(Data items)

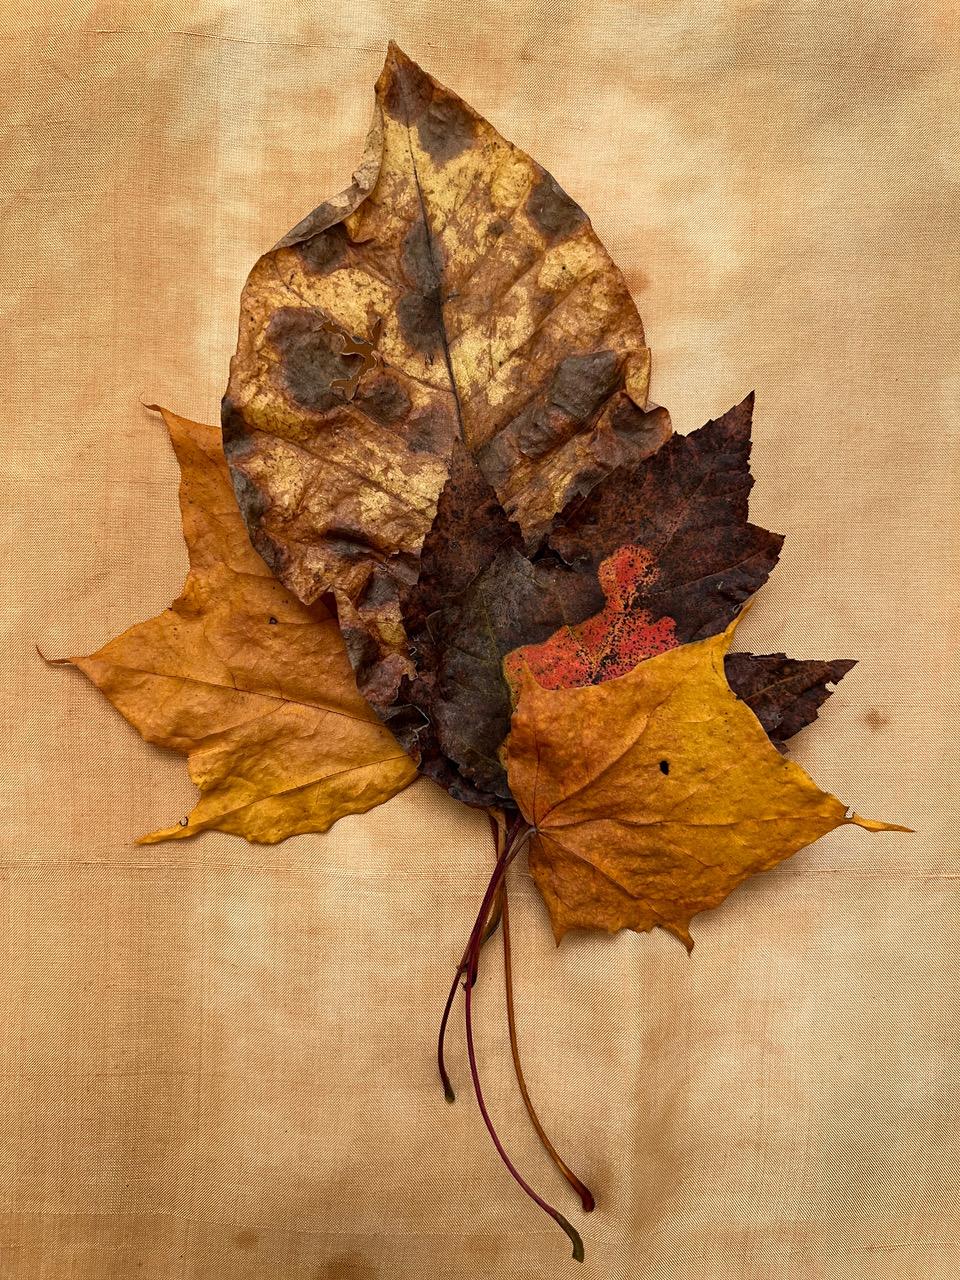 Es handelt sich um eine großformatige Pigmentfotografie des Künstlers Paul Cava, die eine Serie von neun rasterförmig angeordneten Stillleben von Herbstblättern zeigt. Es ist auf Hahnemuhle Photo Rag Professional Papier gedruckt. Die Bildgröße
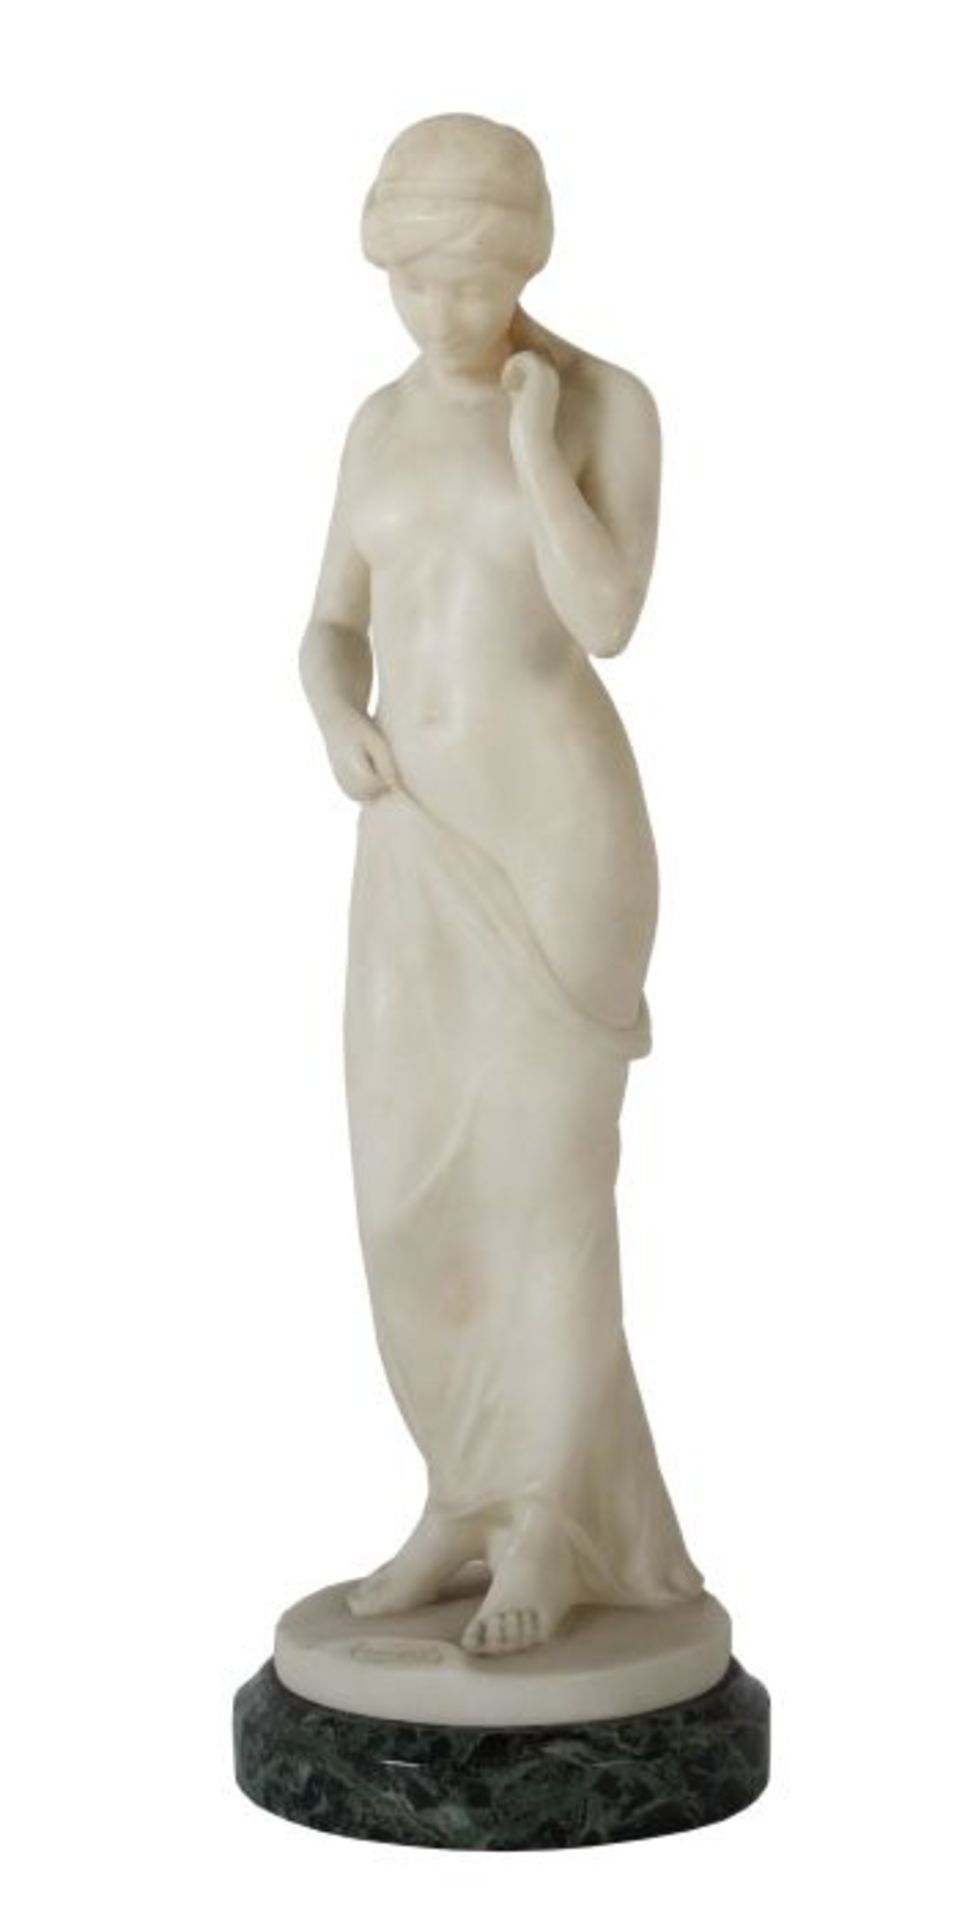 Bildhauer des 19./20. Jh. "Nach dem Bade", Alabaster, vollplastische Figur eines stehenden
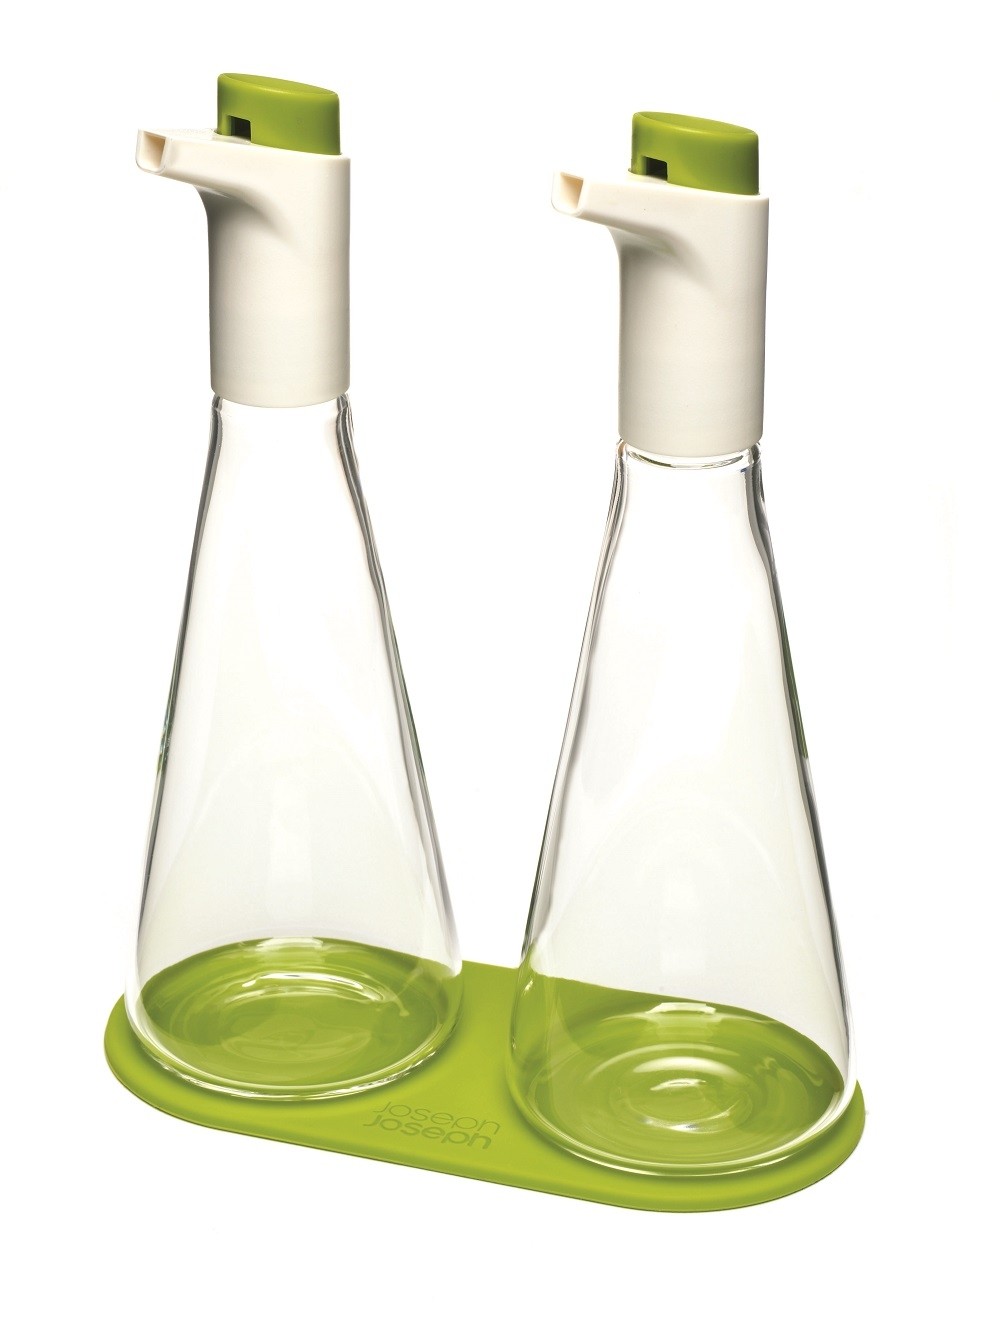 Glass oil and vinegar bottles 2
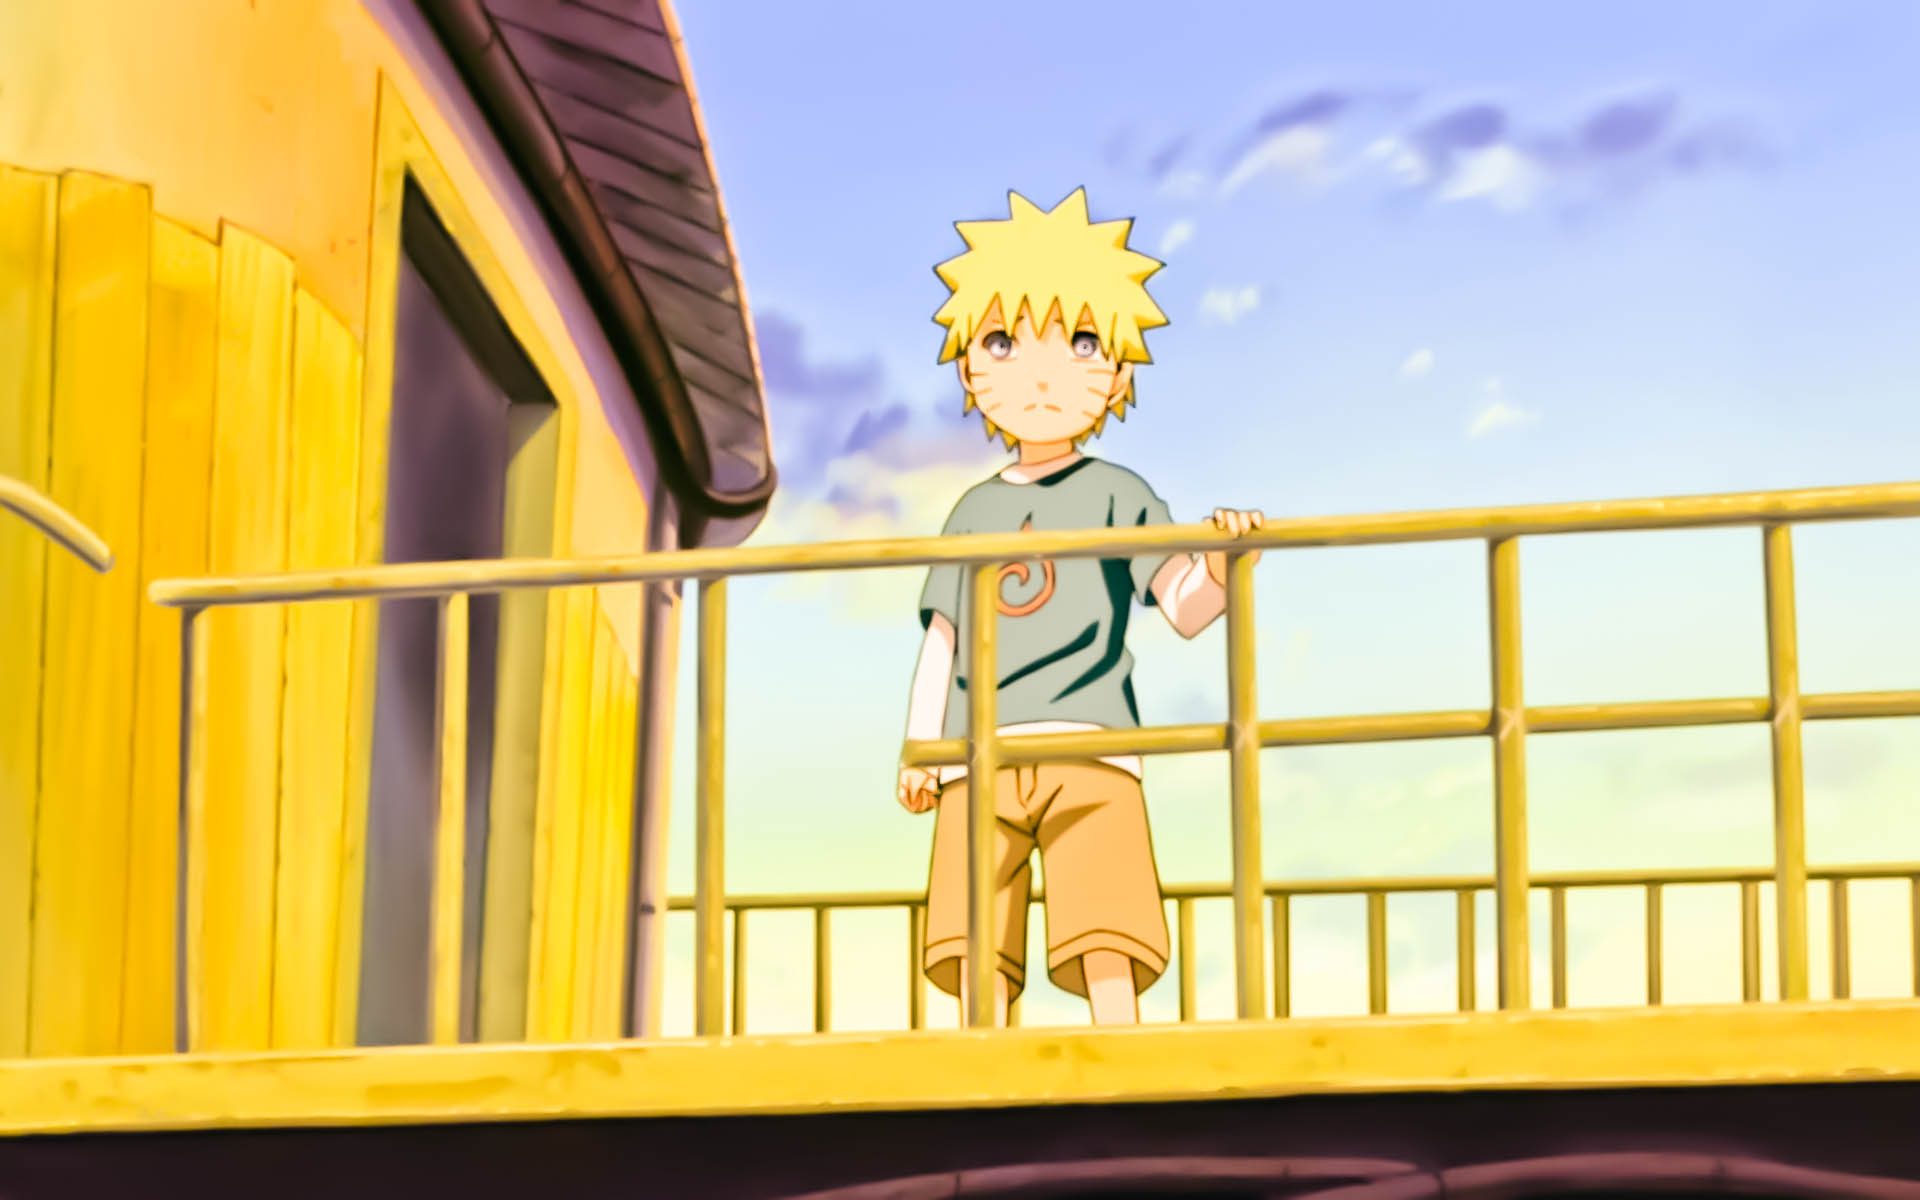 The Last Naruto the Movie: Naruto & Hinata's Kids Bolt and Himawari Teaser  Trailer ザ・ラスト‐ナルト・ザ・ムービー‐ 
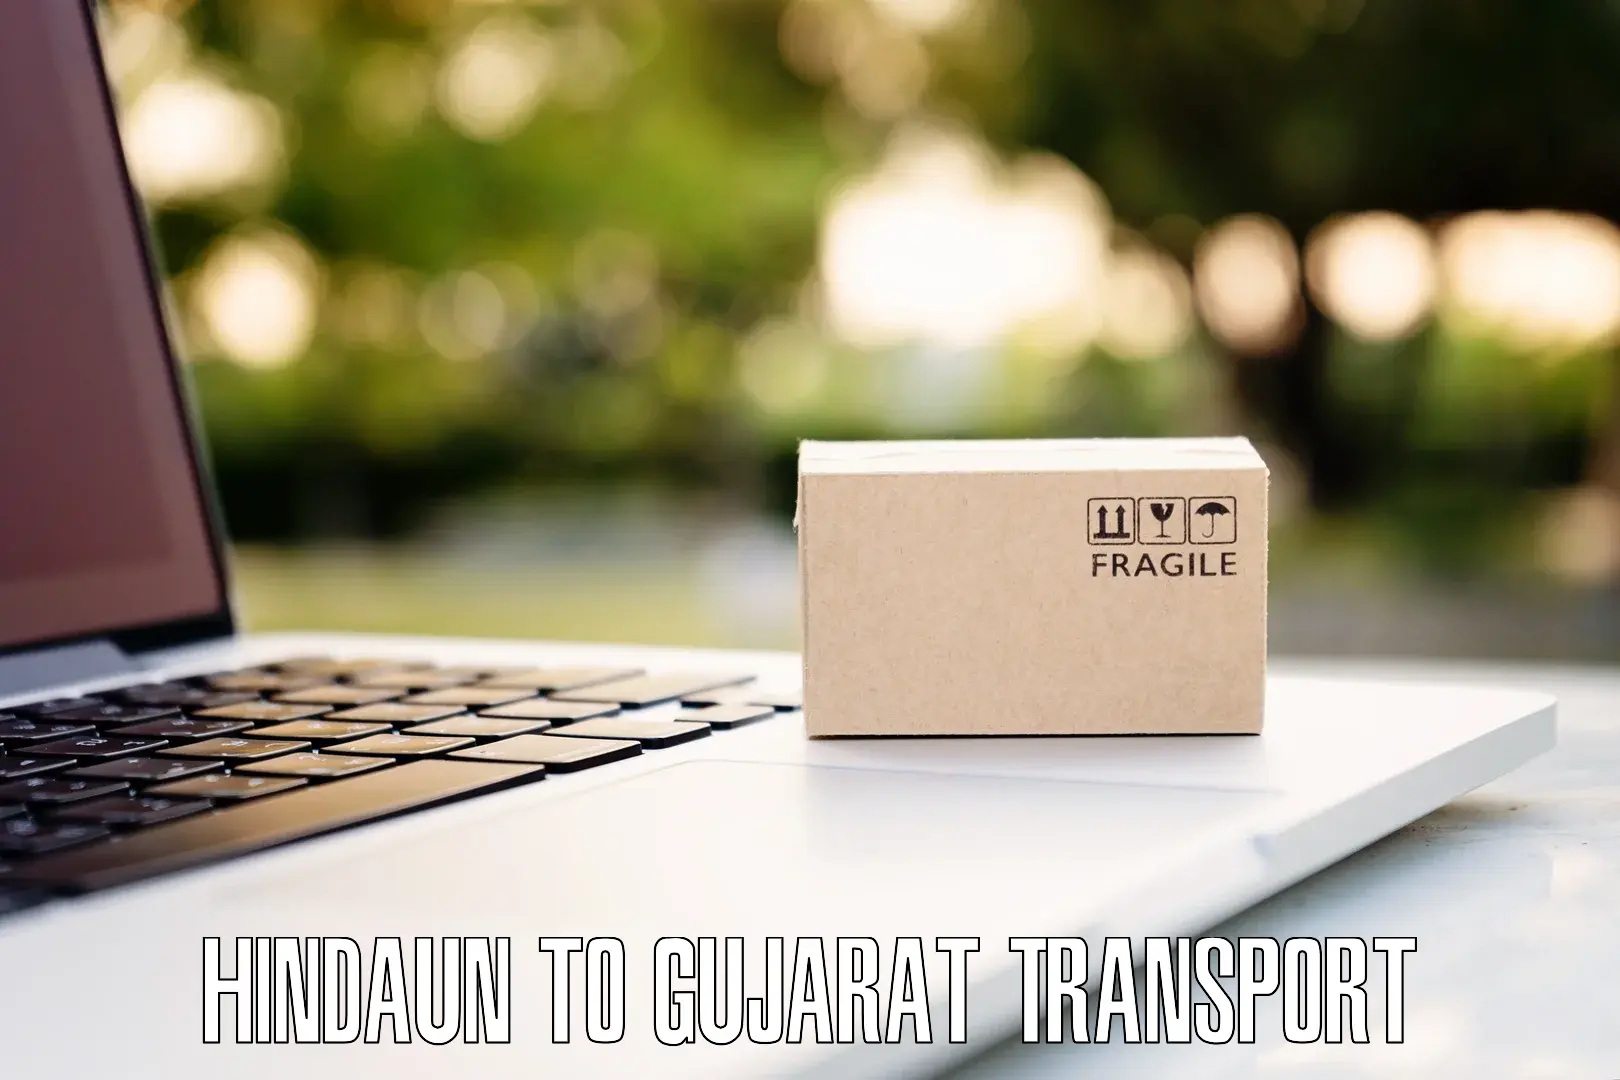 Express transport services Hindaun to Patan Gujarat

• What the task requires
Copy the entries character for character, excluding any pictures.

• Answer to this exercise
 Es handelt sich um eine großformatige Pigmentfotografie des Künstlers Paul Cava, die eine Serie von neun rasterförmig angeordneten Stillleben von Herbstblättern zeigt. Es ist auf Hahnemuhle Photo Rag Professional Papier gedruckt. Die Bildgröße
 Bildhauer des 19./20. Jh. "Nach dem Bade", Alabaster, vollplastische Figur eines stehenden
 Glass oil and vinegar bottles 2
 The Last Naruto the Movie: Naruto & Hinata's Kids Bolt and Himawari Teaser  Trailer ザ・ラスト‐ナルト・ザ・ムービー‐ 
 Express transport services Hindaun to Patan Gujarat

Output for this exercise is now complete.